Most of the developed countries are, in essence, penalising Zimbabwe because of the Mugabe factor. I have spoken to people who live in Zimbabwe or who have been in Zimbabwe in recent months, and they have been talking to people mainly from the Tsvangirai faction of the new government—the national unity government I think they call it. The plea being made is that we really should not ignore Zimbabwe in an economic or financial sense because, long term, Mugabe will use the fact that the economy maintains a collapsing shape as an instrument against the, what I call, ‘good forces’ in that particular country. There is a plea that Australia and other parts of the developed world should look to assist Zimbabwe. The plea from the Tsvangirai group in the national government is that if at all possible we should assist those people, otherwise this tragedy will just perpetuate itself, and what is a magnificent country in terms of people, scenery and agricultural production will continue to spiral downward.

The Sudan is another example of where there have been historical differences over many, many centuries between various tribes and religious groups. But one of the things that I have mentioned in this place before is that the Sudan has very, very fertile soils. I raise this issue because we are moving to a carbon economy, and I do not think anybody has taken into account what a carbon economy overlaid on our normal economy, particularly in terms of food production, will actually mean to people who are in dire circumstances in poor countries. I think we really need to examine some of those issues. The Sudan, for instance, has 100 million acres of very rich, black soils. It does not have a lot of rainfall but has similar rainfall to that around Narrabri in New South Wales, which is a little bit north of my electorate. The Sudan has similar soils to Australia and with Australian technologies, for instance, the country of Sudan could produce six times what Australia produces.

Many of us would think that countries in many parts of Africa are struggling with food production. The Sudan, irrespective of Zimbabwe, Botswana, Mozambique and other countries that are considered by others in the world to be dry land environments, has massive potential to produce food for itself. We tend, more often than not, to respond to a famine or a tragedy in a country by just sending over a boatload of food, which then collapses any domestic markets that may be operating within those particular countries. If you overlay a carbon economy on that as well, particularly in Australia’s sense where we are so far from these countries and include the carbon footprint costs of transporting food around the world, we really need to go back and have a close look at things.

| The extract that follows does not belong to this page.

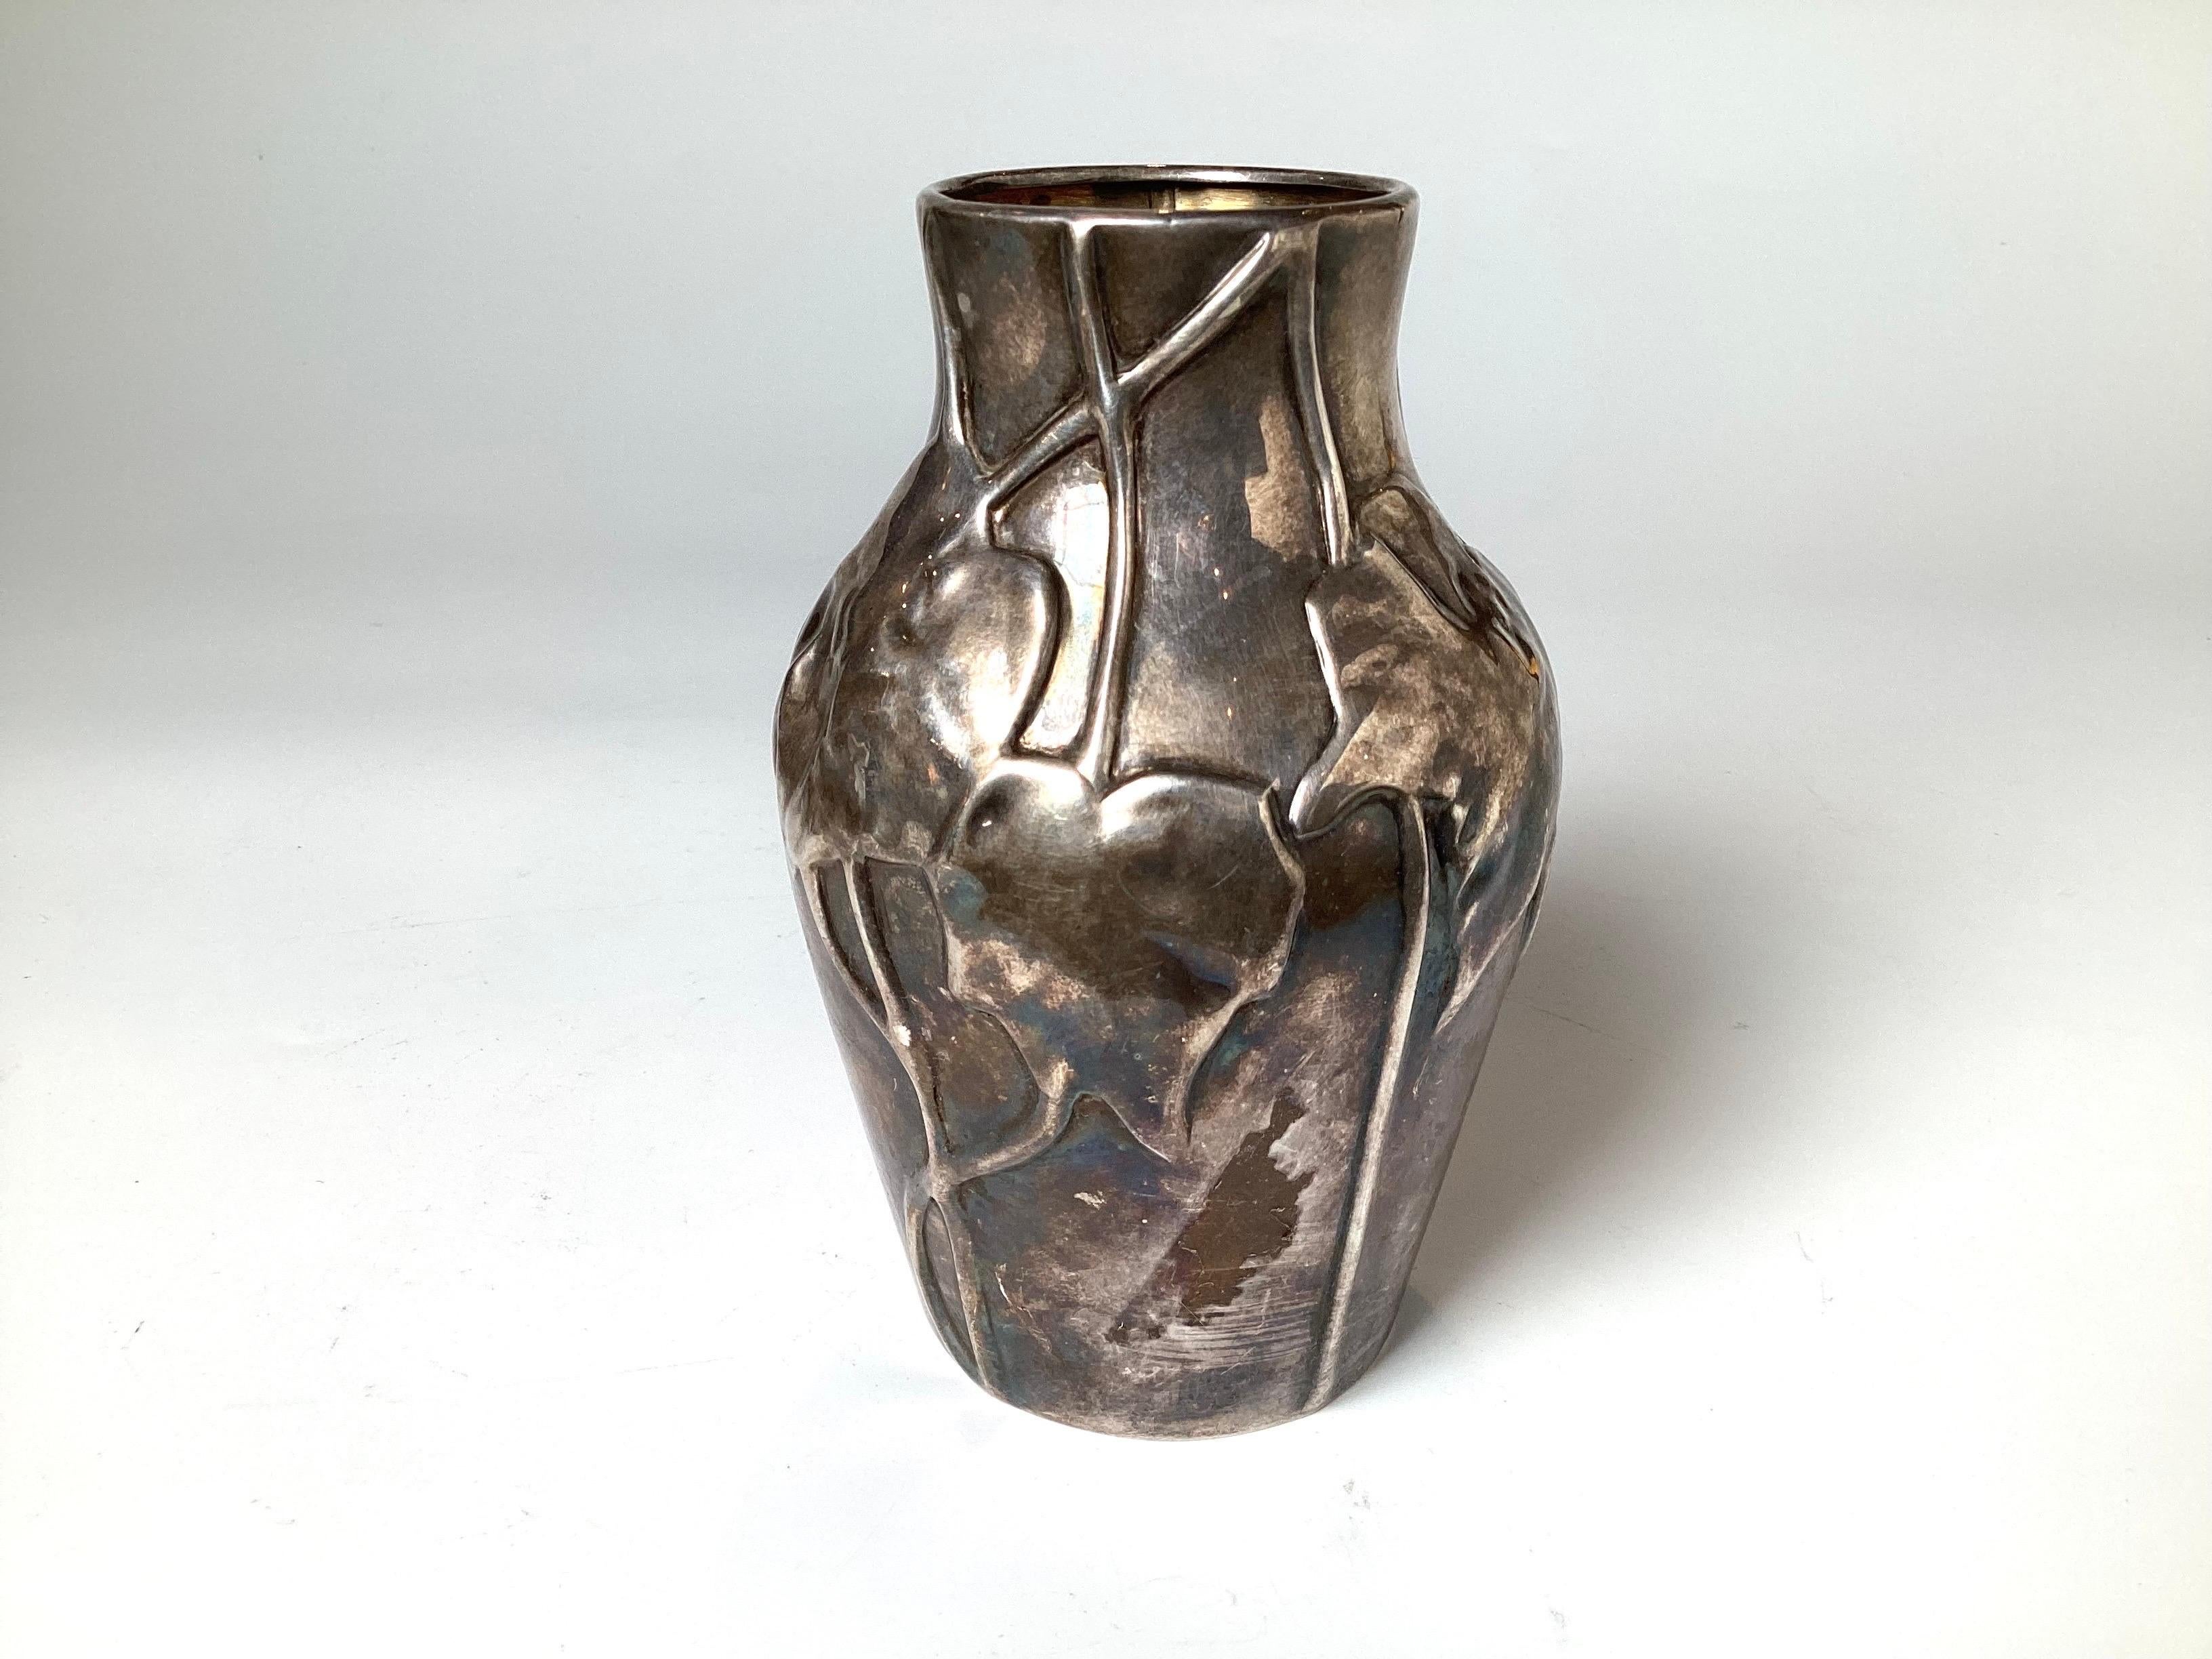 Tiffany and Company sterling silver art nouveau vase from the Louis Comfort Tiffany Collection. The art nouveau style with a leaf decoration all over, marked on bottom. 5.5 inches tall.

Even the starch content of wheat, as the member for Pearce would know, is carbon. Who pays for that and at what price? Which economy does it work within? I do not know the answers to these sorts of things but I think we should at least have a close look at them. In conclusion—and I have spoken for longer than I intended to—I, again, announce my support for the amendments, and thank the government and recognise those in the opposition who are standing up for the principles that they believe in on this particular issue.